Hoje, o aumento de salário já vem na data-base e é igual para todos. Antigamente,
para conseguir aumento era só falar com o Seu Raimundo e ele dava um
tantinho... Todo o mundo conhecia o Seu Raimundo e podia falar diretamente com
ele... Não precisava de greve. Até hoje é mais ou menos assim, porque aqui só
tem empregado antigo... Os mais novos já têm dez anos de empresa.
E a empresa dá benefício para nós. Tem a refeição, a cesta básica e o crachá,
para que a gente não pague o ônibus nem nessa empresa nem das outras daqui.
Só serve para o trabalhador. Se a família quiser andar de ônibus, tem que pagar.
Se eu for para Quixadá, tem uma quilometragem que o crachá dá direito, mas,
passando dali, tem que pagar. A cesta básica vai para todo o mundo, desde o
mais humilde até o mais alto funcionário.
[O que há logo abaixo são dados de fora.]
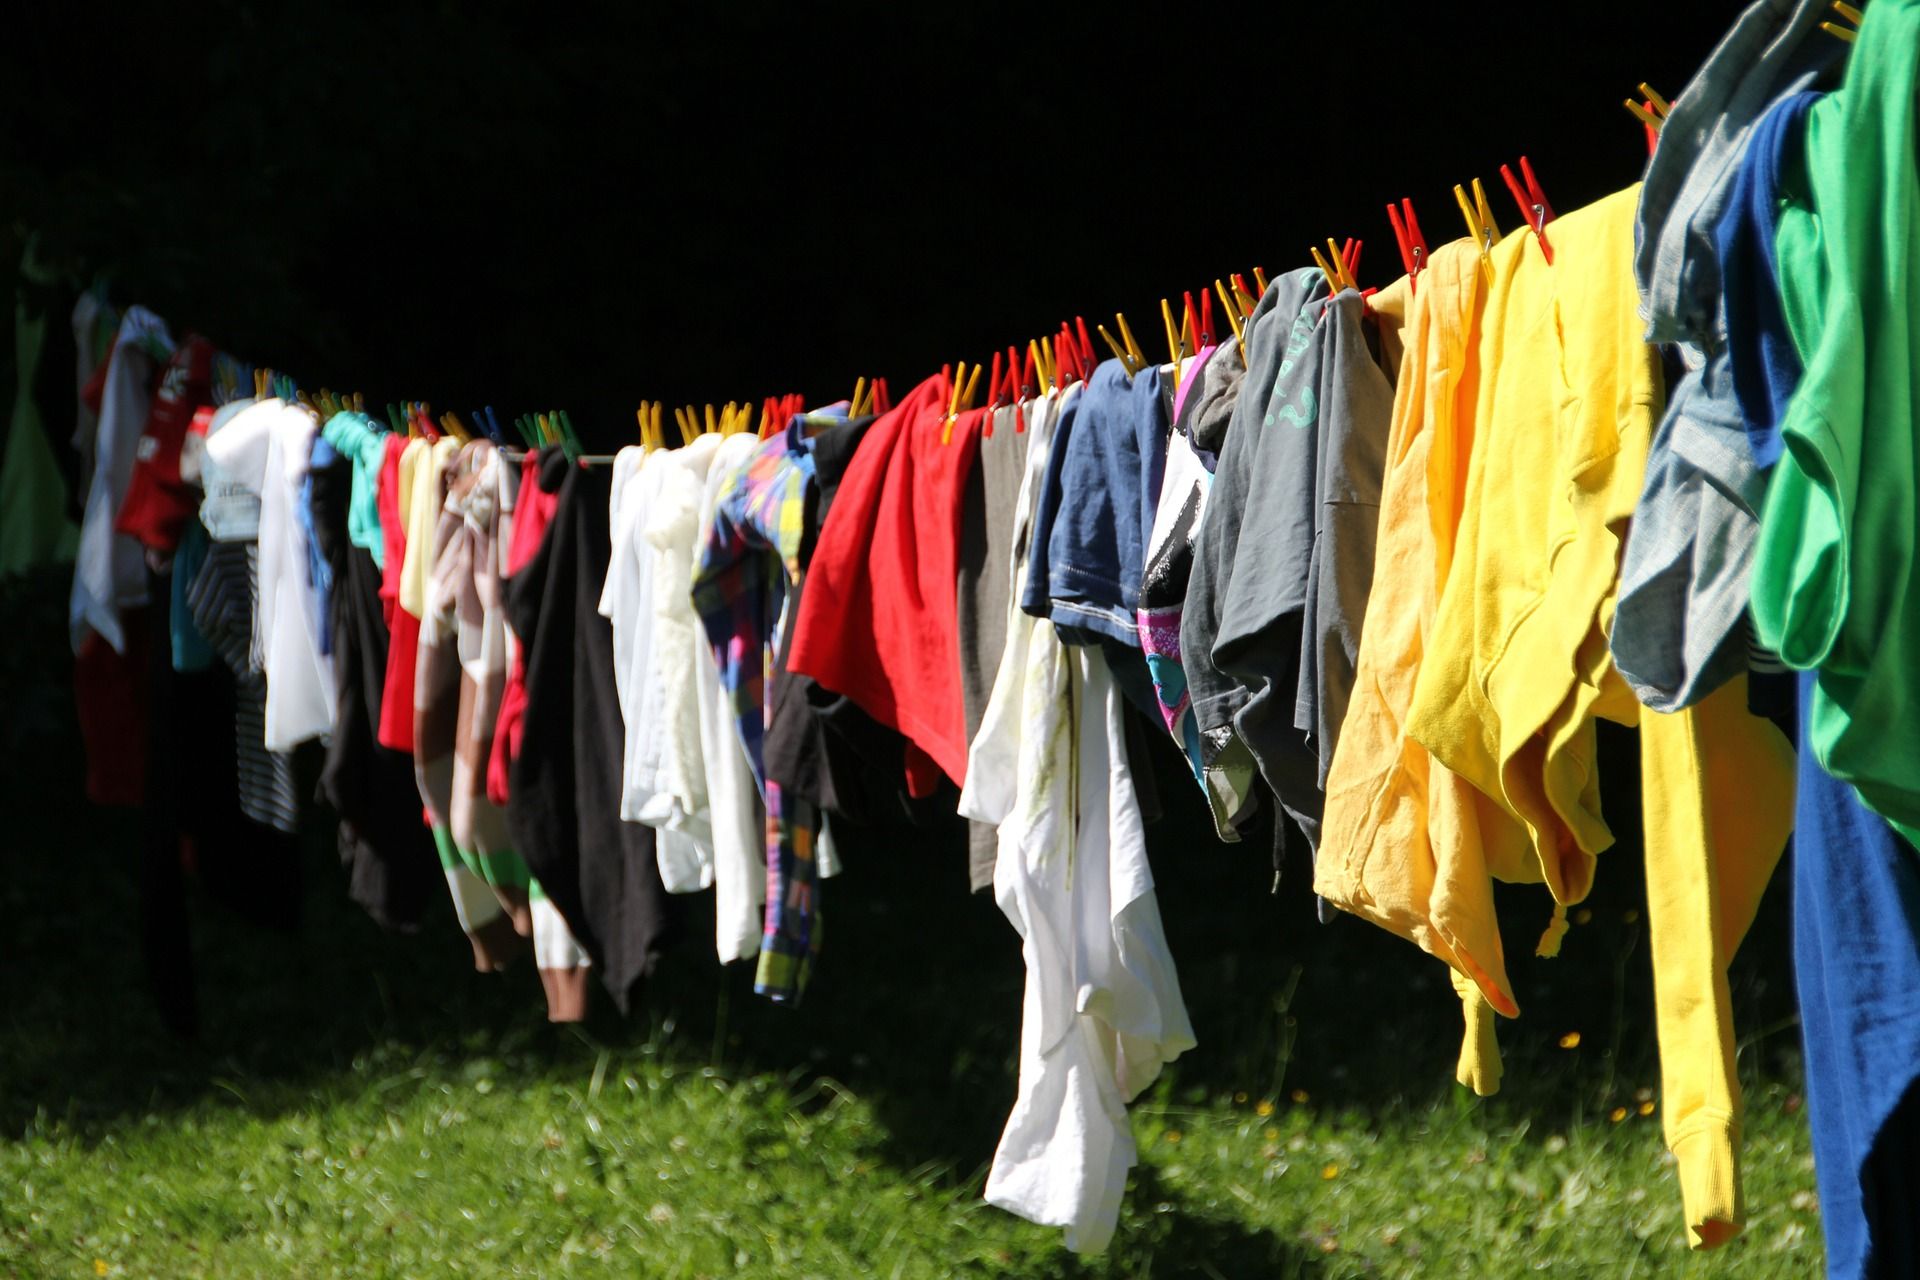 Por qué puede encoger ropa cuando lavas la secas?

È uma cesta boa. E a refeição também é
boa. Todo dia tem uma coisa diferente: carne, arroz, feijão, macarrão, verdura,
suco...
Tem também um médico que vem para a empresa uma ou duas vezes por
semana. Se você quiser tirar a pressão, se tiver com dor de cabeça, é só ir lá. Ele
acompanha todo o mundo da empresa. Se alguém tem diabetes, por exemplo, ele
acompanha. Faz um relatório. Se precisar de um exame mais sério, ele
encaminha. Aí, se a pessoa tiver plano de saúde, vai fazer. Se não, vai para o
INSS mesmo. Só vale para o funcionário. A família pode usar o médico do
sindicato. Não precisa nem pagar, porque, sendo da empresa, eles atendem. Eu,
graças a Deus, tive sorte e nunca precisei. Antes, eu ia ao médico da empresa
para tirar pressão de vez em quando. Hoje, estou correndo de médico. Ele chega
por um canto e eu saio por outro...
O sindicato é bom. Eu nunca paguei, muito menos vou pagar agora, depois de
tanto tempo... Os motoristas e cobradores usam muito o médico do sindicato. Por
qualquer coisa, já estão lá. Já os mecânicos usam menos. Mas todos podem usar.
Eles dão cursos também. Eu já fiz um bocado! Uns doze ou mais. Sobre óleo
diesel, rolamento. Fiz de “arreia”, que é uma parte que fica no rolamento, que
suporta o sistema de transmissão. Os cursos são para a gente aprender a mexer
nas peças, usar nos carros e não botar peças erradas.
Às vezes, é a empresa que manda fazer os cursos. Mas qualquer pessoa pode
fazer. Os meninos que trabalham comigo fazem. É importante se aperfeiçoar.
Quando vem um curso, eles apresentam para todo o mundo. Vão mostrando como
é que é, quem fabricou e quem sabe como é.
Sabe? Eu acho que tudo no meu trabalho está perfeito. Não tem nada para mudar.
Eu me sinto feliz. Quando eu estou de folga, você acredita que eu passo mais mal
do que se estivesse aqui? Fico pensando que em casa não estou fazendo nada e
que se estivesse aqui, estaria fazendo isso ou aquilo. É bom: quando a gente faz o
que gosta, faz bem feito. Não tem jeito de eu não gostar daqui. São trinta e sete
anos! É uma vida! Tenho 56 anos e passei mais tempo aqui do que em casa.
Tenho amigos, tem as brincadeiras... Estou me aposentando agora, mas vou
continuar por aqui até quando Deus quiser!